For punctuation, I need to treat ASCII bytes that are not letters or digits as punctuation to strip. This is slightly different from `unicode.IsPunct` - I should check if a byte is ASCII and not alphanumeric.

Let me think about the implementation:

1. Split by whitespace - I can use `strings.Fields()` which splits on any Unicode whitespace
2. For each token, strip leading and trailing punctuation (ASCII non-alphanumeric)
3. Convert to lowercase
4. Skip empty strings
5. Count in a map

For stripping punctuation, I need to:
- Remove leading characters that are ASCII and not letters or digits
- Remove trailing characters that are ASCII and not letters or digits

Let me write the code:

```go
package challenge

import (
	"strings"
	"unicode"
)

func WordFrequency(text string) map[string]int {
	if text == "" {
		return make(map[string]int)
	}
	
	words := make(map[string]int)
	tokens := strings.Fields(text)
	
	for _, token := range tokens {
		// Strip leading punctuation
		start := 0
		for start < len(token) && isPunctuation(token[start]) {
			start++
		}
		
		// Strip trailing punctuation
		end := len(token)
		for end > start && isPunctuation(token[end-1]) {
			end--
		}
		
		// Extract the word
		word := token[start:end]
		
		// Skip empty words
		if word == "" {
			continue
		}
		
		// Lowercase
		word = strings.ToLower(word)
		
		words[word]++
	}
	
	return words
}

func isPunctuation(b byte) bool {
	// ASCII punctuation: not a letter or digit
	return !isLetterOrDigit(b)
}

func isLetterOrDigit(b byte) bool {
	return (b >= 'a' && b <= 'z') || (b >= 'A' && b <= 'Z') || (b >= '0' && b <= '9')
}
```

I'm reconsidering the whitespace splitting approach. The requirement specifies splitting on whitespace characters, which `strings.Fields()` handles correctly.

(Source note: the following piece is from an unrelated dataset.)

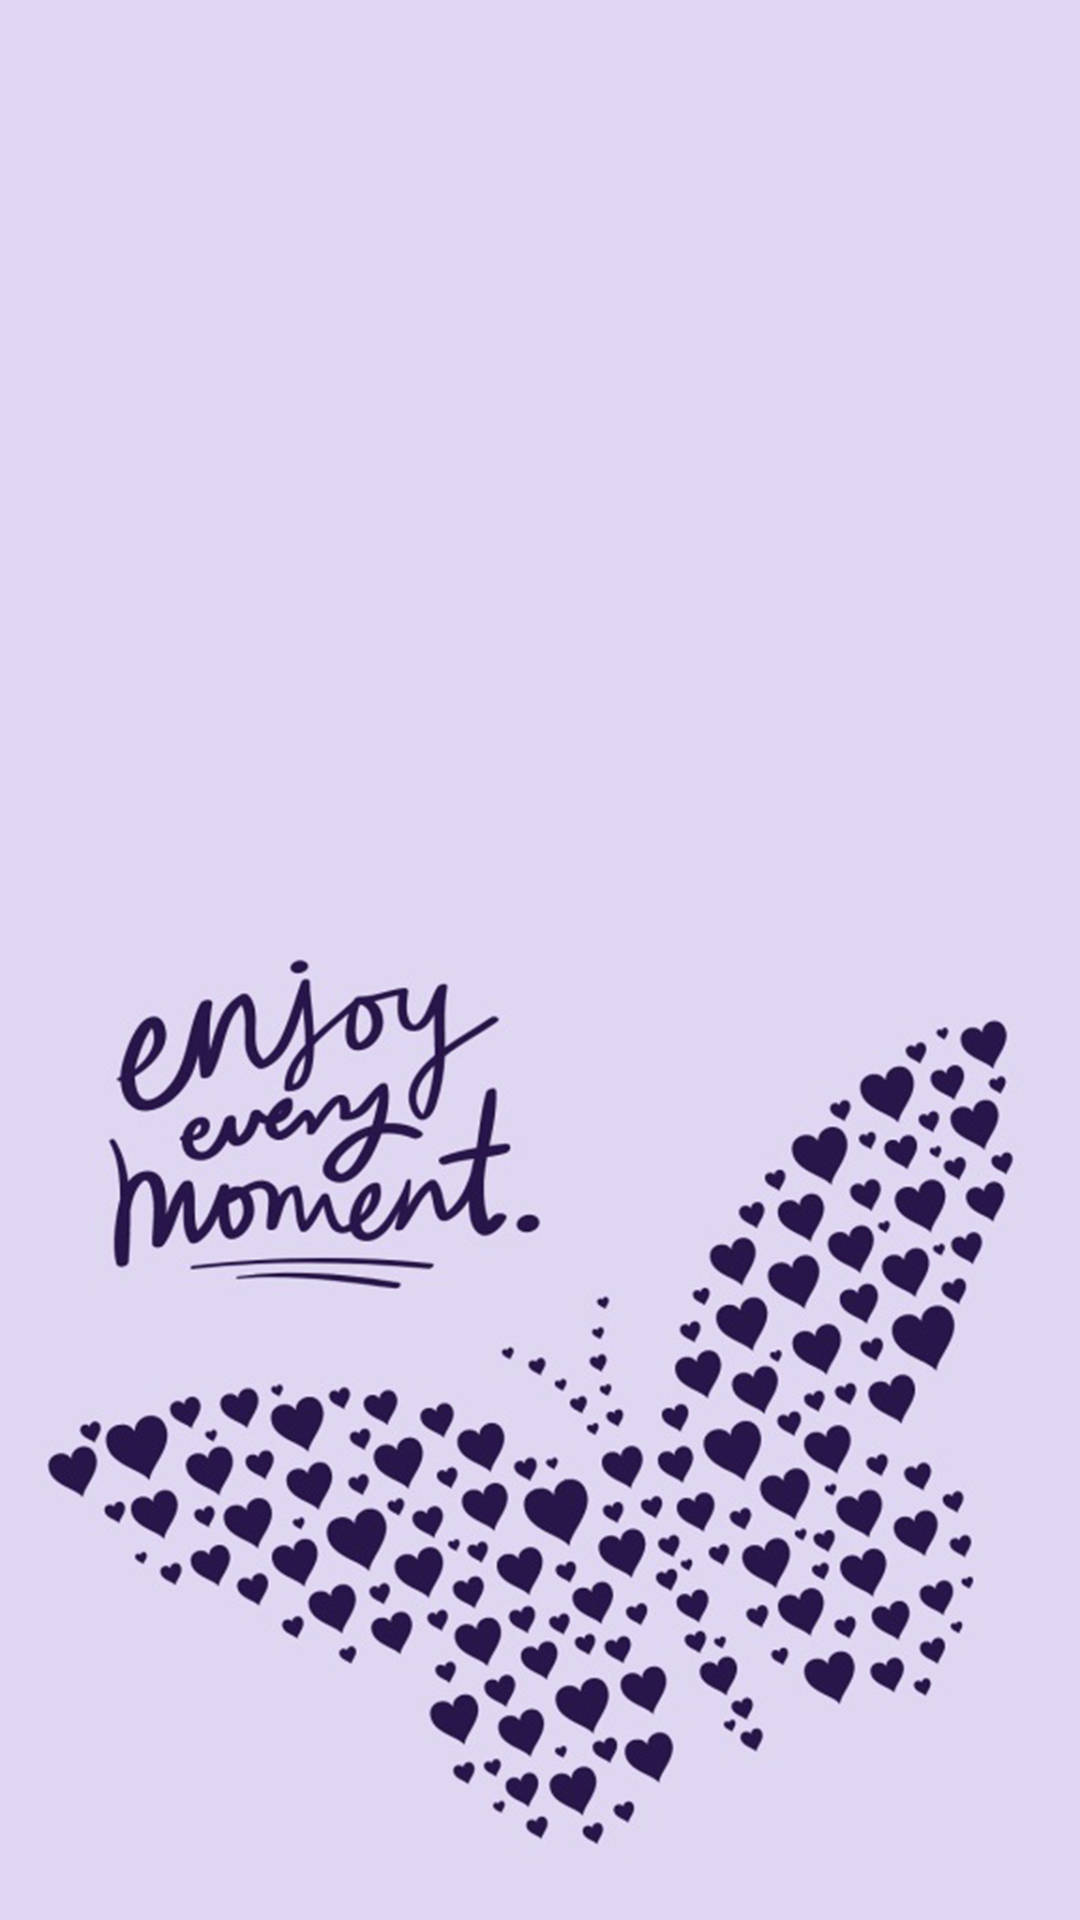 Download Instagram Story Enjoy Every Moment Wallpaper

For punctuation stripping, I need to be precise about what constitutes punctuation. The problem defines it as ASCII bytes that aren't letters or digits, which means I should check each character carefully.

The implementation looks solid for handling word frequency with these specific rules. I'll verify the edge cases work correctly, especially with punctuation and whitespace.